CUDA Stream 表示一个独立的命令队列,同一 stream 内的操作按序执行,
不同 stream 之间的操作可以并行执行。

主要 API:
- torch.cuda.Stream(device, priority)  创建 stream
- stream.wait_stream(other_stream)     让当前 stream 等待另一个 stream
- torch.cuda.current_stream()          获取当前默认 stream
- torch.cuda.default_stream()          获取默认 stream
- stream.synchronize()                 阻塞 CPU 直到 stream 中所有操作完成
- torch.cuda.synchronize()             同步所有设备上的所有 stream
"""

import torch
import time


def example_create_and_use_stream():
    """创建 stream 并在其上执行操作"""
    print("=" * 60)
    print("1. 创建 Stream 并执行操作")
    print("=" * 60)

    s = torch.cuda.Stream()
    a = torch.randn(1000, 1000, device="cuda")
    b = torch.randn(1000, 1000, device="cuda")

    # 在 stream s 上执行矩阵乘法
    with torch.cuda.stream(s):
        c = a @ b
        d = c.relu()

    # 等待 stream s 完成
    s.synchronize()
    print(f"结果 shape: {d.shape}, 设备: {d.device}")
    print()


def example_priority_stream():
    """创建不同优先级的 stream"""
    print("=" * 60)
    print("2. 优先级 Stream")
    print("=" * 60)

    # 优先级范围: 最低优先级到最高优先级
    low_priority = torch.cuda.Stream(priority=-1)
    high_priority = torch.cuda.Stream(priority=0)
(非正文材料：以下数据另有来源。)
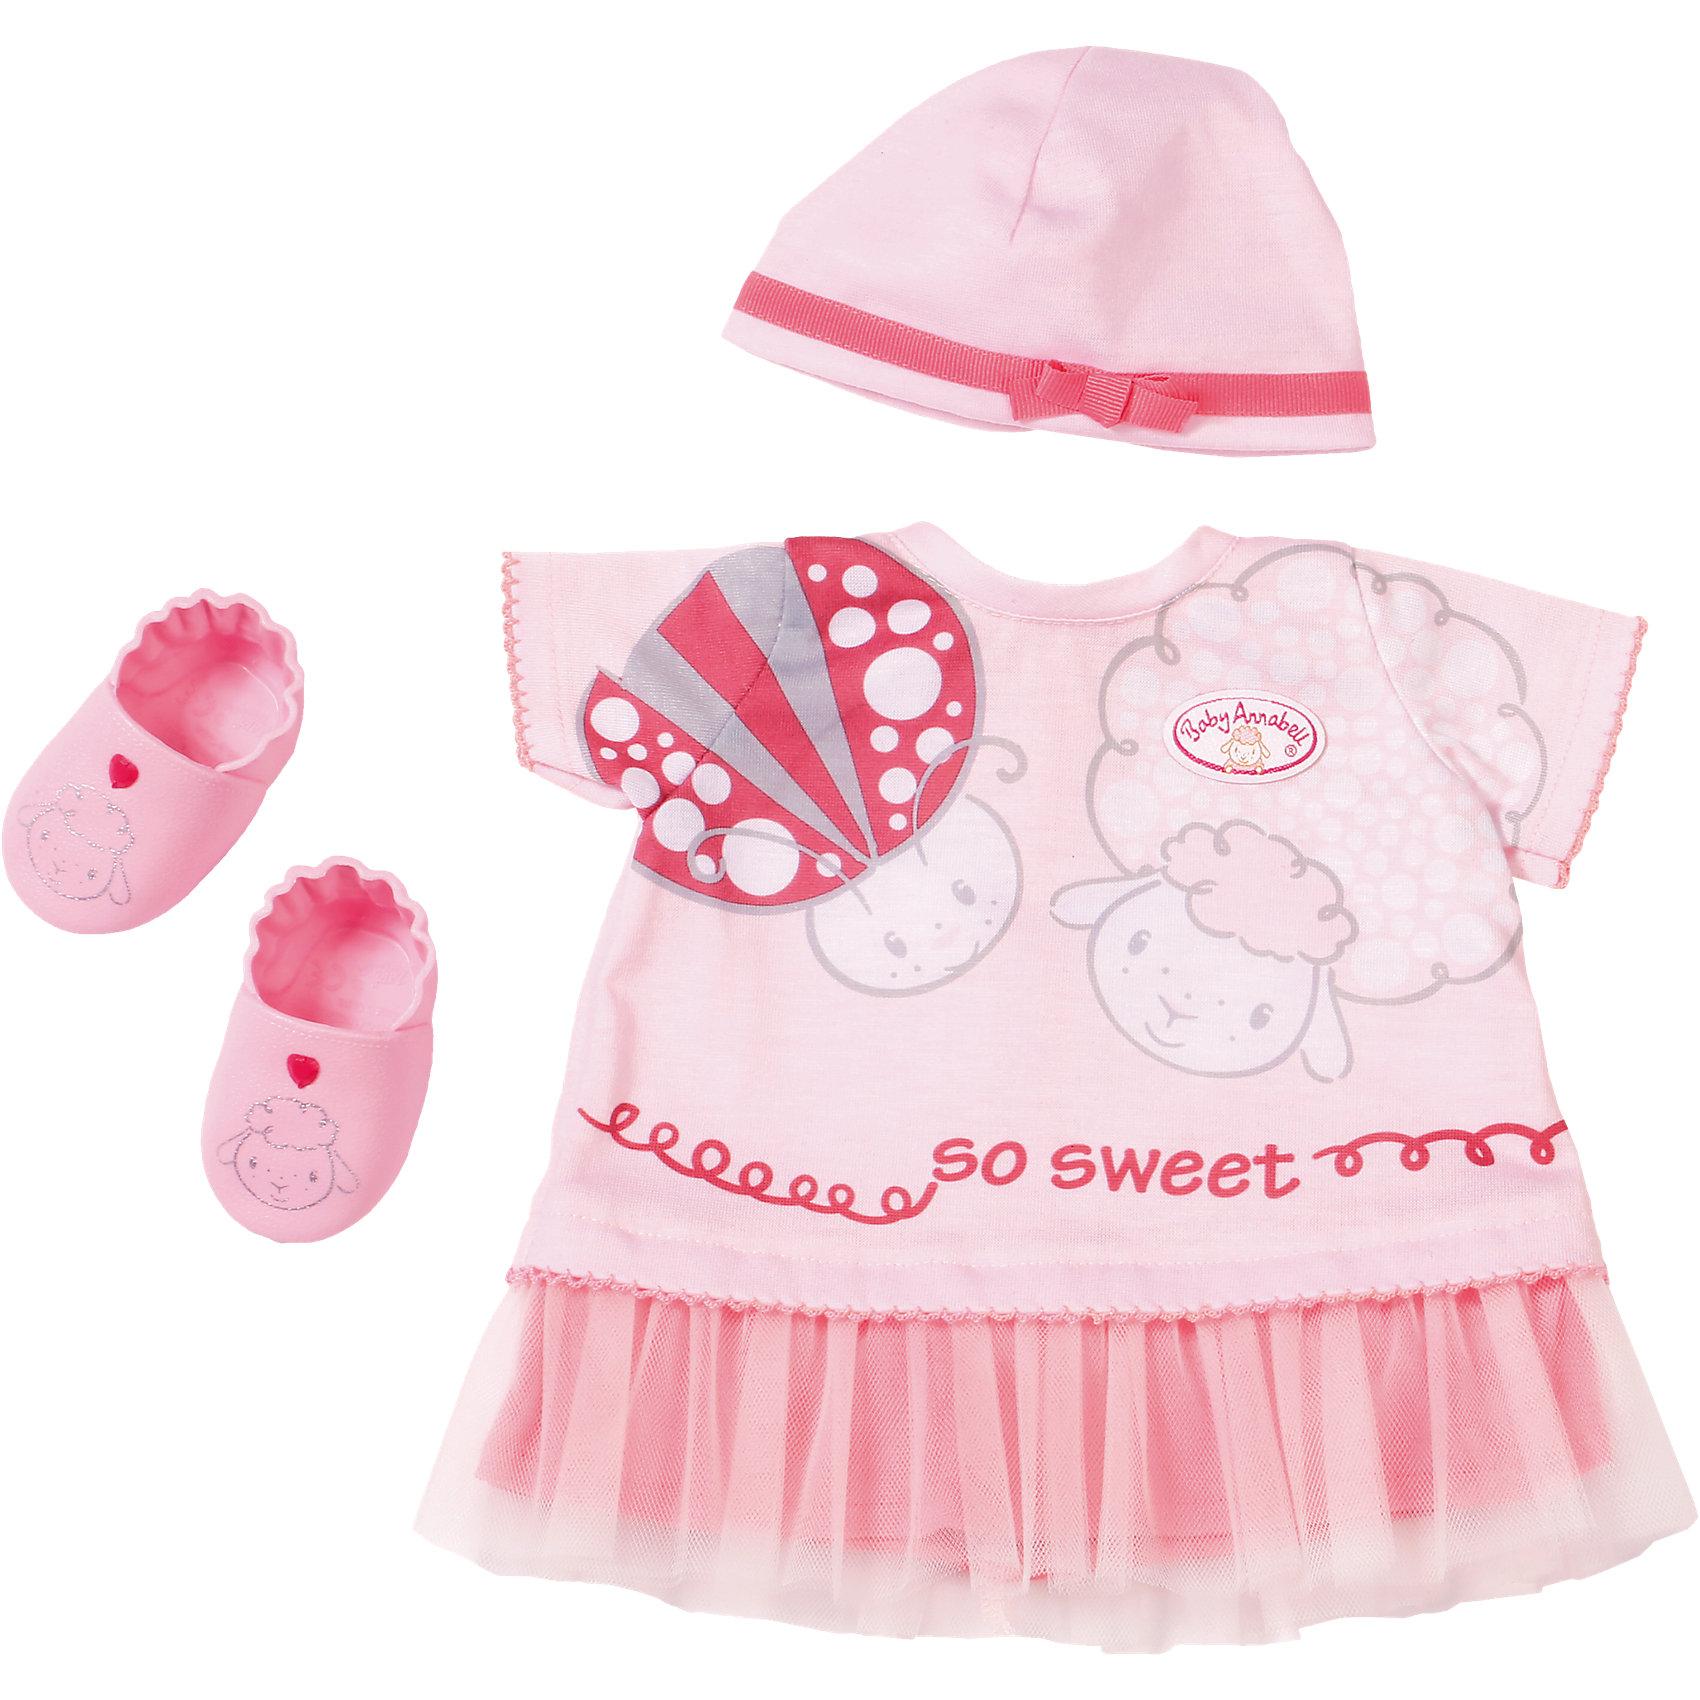 Одежда для теплых деньков, Baby AnnabellКукольная одежда и аксессуары<br>Характеристики товара:<br><br>• возраст от 3 лет;<br>• материал: текстиль;<br>• в комплекте: платье, шапочка, пинетки; <br>• размер упаковки 36х32х8 см;<br>• страна производитель: Китай.<br><br>Одежда для теплых деньков Baby Annabell дополнит летний гардероб любимой куклы Baby Annabell от Zapf Creation. В комплекте розовое платье с принтом в виде овечки и божьей коровки, шапочка с лентой и бантом и розовые пинетки с мордочками овечек. Вся одежда изготовлена из качественных материалов, ее можно стирать в стиральной машине.<br><br>Одежду для теплых деньков Baby Annabell можно приобрести в нашем интернет-магазине.<br><br>Ширина мм: 320<br>Глубина мм: 80<br>Высота мм: 360<br>Вес г: 355<br>Возраст от месяцев: 36<br>Возраст до месяцев: 60<br>Пол: Женский<br>Возраст: Детский<br>SKU: 5030816

    print(f"低优先级 stream: {low_priority}")
    print(f"高优先级 stream: {high_priority}")
    print(f"优先级范围: {torch.cuda.Stream.priority_range()}")
    print()


def example_stream_wait_stream():
    """stream 间同步: wait_stream"""
    print("=" * 60)
    print("3. Stream 间同步 (wait_stream)")
    print("=" * 60)

    s1 = torch.cuda.Stream()
    s2 = torch.cuda.Stream()

    a = torch.randn(2000, 2000, device="cuda")

    # Stream s1 上做计算
    with torch.cuda.stream(s1):
        b = a @ a  # s1 上执行

    # Stream s2 等待 s1 完成后再执行
    with torch.cuda.stream(s2):
        s2.wait_stream(s1)  # s2 等待 s1 完成
        c = b @ b  # 需要 b 已计算完毕

    s2.synchronize()
    print(f"b shape: {b.shape}, c shape: {c.shape}")
    print()


def example_multiple_streams_parallel():
    """多 stream 并行执行,展示重叠计算"""
    print("=" * 60)
    print("4. 多 Stream 并行执行")
    print("=" * 60)

    N = 4096
    s1 = torch.cuda.Stream()
    s2 = torch.cuda.Stream()

    a1 = torch.randn(N, N, device="cuda")
    a2 = torch.randn(N, N, device="cuda")

    # 预热 GPU
    torch.cuda.synchronize()

    # 在两个 stream 上同时发起计算
    start = time.perf_counter()
    with torch.cuda.stream(s1):
        r1 = a1 @ a1
    with torch.cuda.stream(s2):
        r2 = a2 @ a2

    # 等待两个 stream 都完成
    s1.synchronize()
    s2.synchronize()
    parallel_time = time.perf_counter() - start

    # 对比:默认 stream 串行执行
    torch.cuda.synchronize()
    start = time.perf_counter()
    r1 = a1 @ a1
    r2 = a2 @ a2
    torch.cuda.synchronize()
    serial_time = time.perf_counter() - start

    print(f"并行执行时间: {parallel_time * 1000:.2f} ms")
    print(f"串行执行时间: {serial_time * 1000:.2f} ms")
    print()


def example_current_and_default_stream():
    """获取当前 stream 和默认 stream"""
    print("=" * 60)
    print("5. current_stream / default_stream")
    print("=" * 60)

    s = torch.cuda.Stream()

    # 默认 stream
    default = torch.cuda.default_stream()
    print(f"默认 stream: {default}")

    # 在 s 内部,current_stream 就是 s
    with torch.cuda.stream(s):
        cur = torch.cuda.current_stream()
        print(f"stream context 内的 current_stream: {cur}")
        print(f"与 s 相同: {cur == s}")

    # 退出 context 后,current_stream 恢复为默认
    cur = torch.cuda.current_stream()
    print(f"退出 context 后的 current_stream: {cur}")
    print(f"与默认 stream 相同: {cur == default}")
    print()


def example_stream_query():
    """查询 stream 是否已完成"""
    print("=" * 60)
    print("6. Stream query (非阻塞检查)")
    print("=" * 60)

    s = torch.cuda.Stream()
    a = torch.randn(2000, 2000, device="cuda")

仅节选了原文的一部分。